Part of the problem is that fans and the creator of Harry Potter now have a direct line to one another, allowing readers to ask Rowling questions about things that really matter to them: why is Harry’s scar a lightning bolt? (It’s not.)

Or more importantly, are there queer or Jewish wizards? And with a wave of a wand, Rowling can just declare that in fact there was representation of certain groups, even though it was never mentioned clearly in the books.

The fan responses to the continued story of Harry, Hermione and their families in the sequel play The Cursed Child have been mixed too; some felt it doesn’t count because it wasn’t a book, or seemed unsure of why it existed at all except the prospect of one of the most successful series of all time making even more money.

Meanwhile, extra plot details and timeline warps are being shoved into the increasingly messy Fantastic Beasts sub-franchise to try and tether the 1920s-set films to the original seven-book series and its mythology.

Some of these feel genuinely damaging to that mythology, like when characters who shouldn’t have been born yet show up in adult form, or others are shoved retroactively into significant family trees that were already well and truly explored by the end of book seven, or still others play into uncomfortable stereotypes that may have been less obvious when she wrote them into the backstory, but emerge into a time when people are more conscious of the nuance.

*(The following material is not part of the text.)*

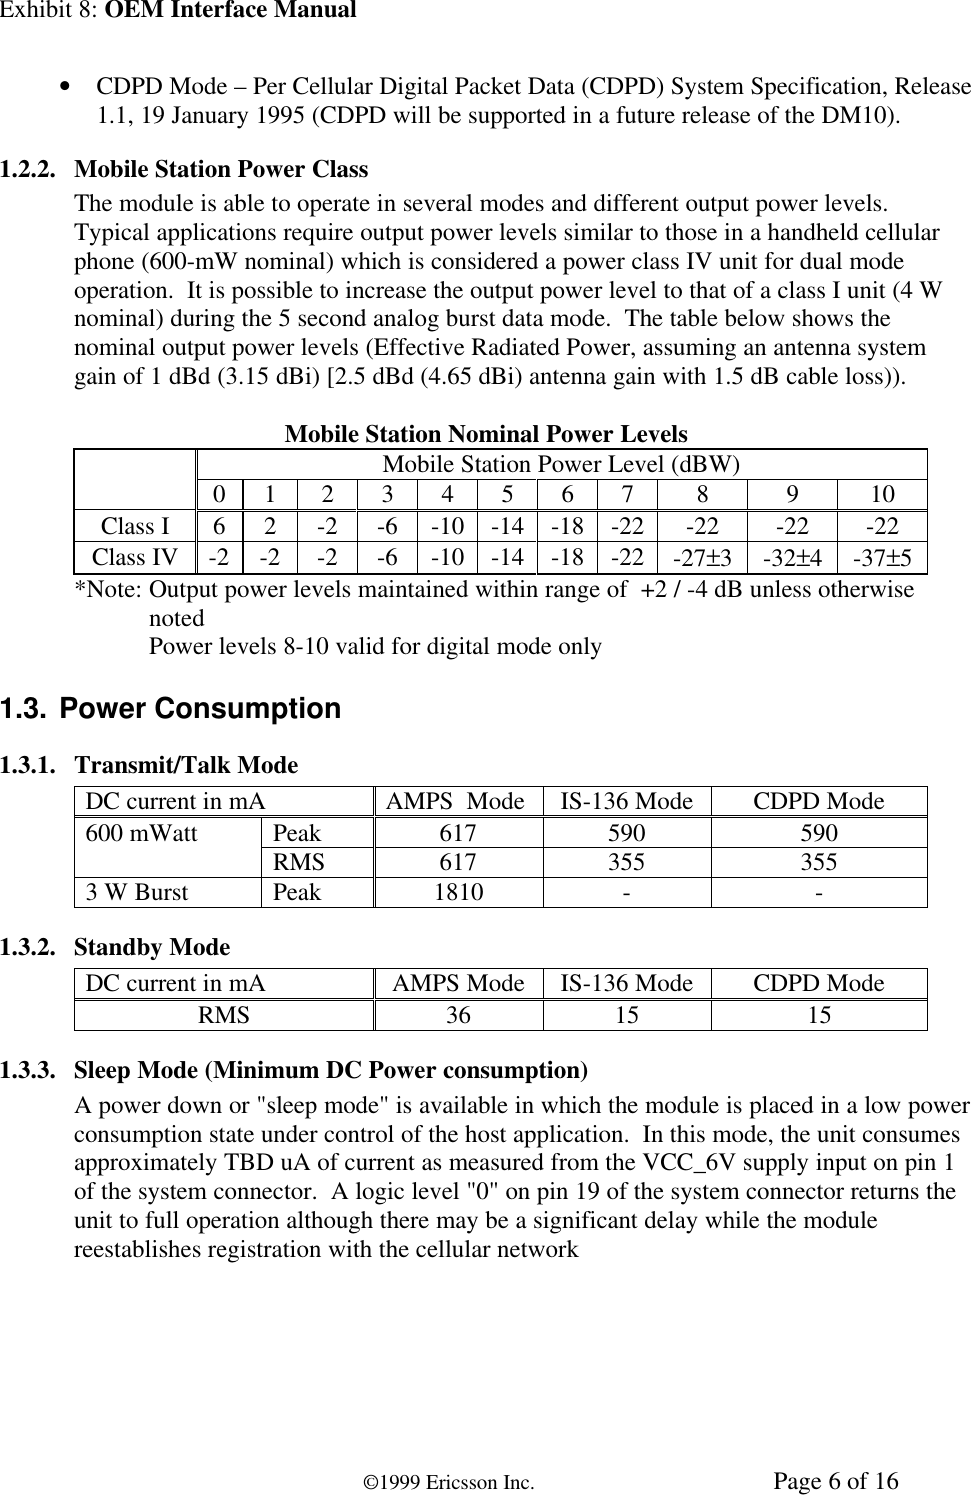 Exhibit 8: OEM Interface Manual©1999 Ericsson Inc. Page 6 of 16• CDPD Mode – Per Cellular Digital Packet Data (CDPD) System Specification, Release1.1, 19 January 1995 (CDPD will be supported in a future release of the DM10).1.2.2. Mobile Station Power ClassThe module is able to operate in several modes and different output power levels.Typical applications require output power levels similar to those in a handheld cellularphone (600-mW nominal) which is considered a power class IV unit for dual modeoperation.  It is possible to increase the output power level to that of a class I unit (4 Wnominal) during the 5 second analog burst data mode.  The table below shows thenominal output power levels (Effective Radiated Power, assuming an antenna systemgain of 1 dBd (3.15 dBi) [2.5 dBd (4.65 dBi) antenna gain with 1.5 dB cable loss)).Mobile Station Nominal Power LevelsMobile Station Power Level (dBW)0 1 2 3 4 5 6 7 8 9 10Class I 6 2 -2 -6 -10 -14 -18 -22 -22 -22 -22Class IV -2 -2 -2 -6 -10 -14 -18 -22 -27±3-32±4-37±5*Note: Output power levels maintained within range of  +2 / -4 dB unless otherwisenotedPower levels 8-10 valid for digital mode only1.3. Power Consumption1.3.1. Transmit/Talk ModeDC current in mA AMPS  Mode IS-136 Mode CDPD ModePeak 617 590 590600 mWatt RMS 617 355 3553 W Burst Peak 1810 - -1.3.2. Standby ModeDC current in mA AMPS Mode IS-136 Mode CDPD ModeRMS 36 15 151.3.3. Sleep Mode (Minimum DC Power consumption)A power down or &quot;sleep mode&quot; is available in which the module is placed in a low powerconsumption state under control of the host application.  In this mode, the unit consumesapproximately TBD uA of current as measured from the VCC_6V supply input on pin 1of the system connector.  A logic level &quot;0&quot; on pin 19 of the system connector returns theunit to full operation although there may be a significant delay while the modulereestablishes registration with the cellular network

And sometimes she’s just talking about wizards pissing themselves.

But as the creator of this world, whatever Rowling says about it goes, and if she wants to fill in extra details, tell more stories, or make more money, that’s her right.

Before the final book in the series, Deathly Hallows, came out, fans clamoured for every scrap of info they could get, analysed it to pieces; now they seem to resent every extra dimension being added.

Whether Rowling and the other people tasked with telling these stories get it “right” or not, there are going to be people who complain about the new information being wrong, or performatively woke, or somehow unfaithful to the books they loved as kids and still do.

So Rowling should just stop.

Let the Fantastic Beasts series fizzle out with its passionate, but tainted and messy second instalment. (It won’t, but it should.)

Let The Cursed Child run as long as people will see it, but then no more plays. Write as many Robert Galbraith books as she likes. (Rowling writes crime novels for grown-ups under that name now, and they’re actually good.)

Let fans sit with what we already have: seven novels, ten movies, an entire online platform, three supplementary books, a travelling exhibition, the theme parks…

If she wants to write more, she absolutely should.

But release it twenty years from now – enough time for a whole new generation to discover it anew, and have the parents of all these pre-teen Hermiones and little gay Albuses actually enjoy it again, instead of complaining.